A Neptune proposal to raise as much as $300,000 a year by instituting a hospitality tax on hotel, motel, bed and breakfast and similar short-term rentals will apparently be put on hold.
The Township Committee has been considering adopting an ordinance creating the hospitality tax but questions about how to control and monitor it remain. The subject was discussed at this week’s workshop session.
“I would like to see all of this in writing,” Committeeman Michael Brantley said.
A guest now pays the 6.625 percent state sales tax and a six percent state occupancy fee for a room. State law allows a municipality to collect half, or three percent of that occupancy tax, if it imposes the hotel or hospitality tax. Money raised from the tax would be placed in the township’s annual budget to help offset taxes.
“You will have to prepare an inventory (of units) and then enforce it,” Township Attorney Gene Anthony said.
Committeeman Nick Williams said he wants more time to study the proposal, wants to know how it would be enforced, and how inspections would be made and approved.
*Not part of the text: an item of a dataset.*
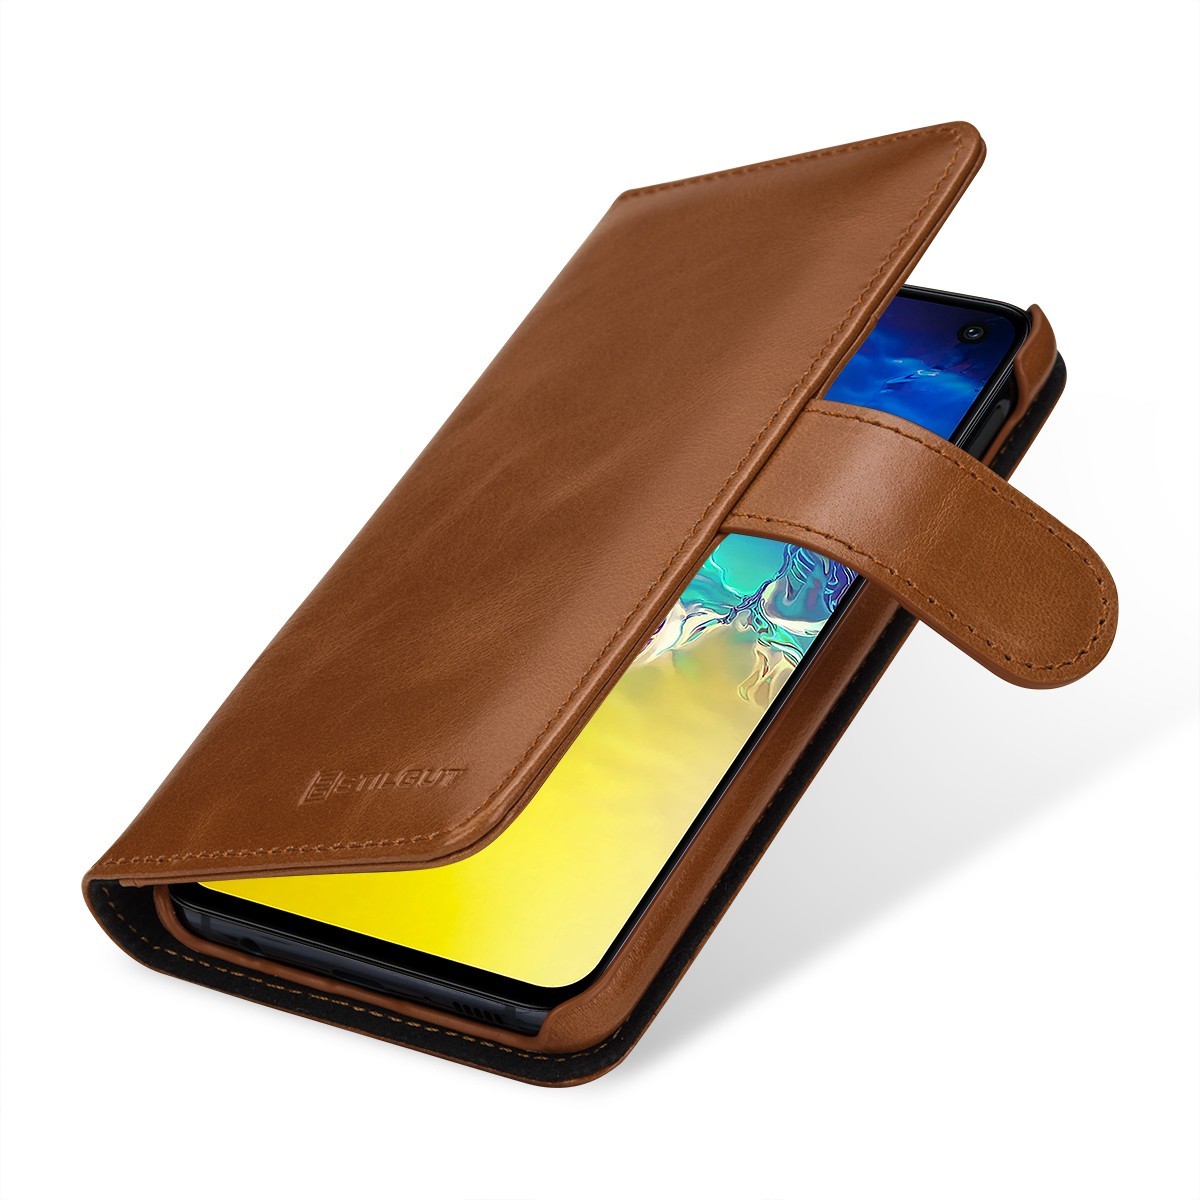 Etui Galaxy S10e porte-cartes cognac en cuir véritable - Stilgut

“We have no logistics in place (to manage this) and we will need more employees. I want to know where we are going on this,” he said.
Anthony said inspection and enforcement would be covered under a separate ordinance than the one imposing the hospitality tax.
Mayor Carol Rizzo said that the tax money is already being collected by the state and that adopting the ordinance will allow this money to begin flowing through to the township.
Township Business Administrator Vito Gadaleta said that the township is looking at staff and costs associated with the proposal.
Anthony said laws regulating the taxing of rental united was recently changed regarding Bed and Breakfasts, Airbnbs and other short-term rental units. Now, rentals advertised through space marketplace promotional sites are taxed as are rentals in a building where the owner professionally manages three or more rental units a year. Buildings renting less than three units a year or if the building is not run through an agency but privately operated are tax exempt.
Township officials said the number of potentially taxed units in Ocean Grove, other than major hotels, has risen from 115 to 220 recently- both legal and illegal units.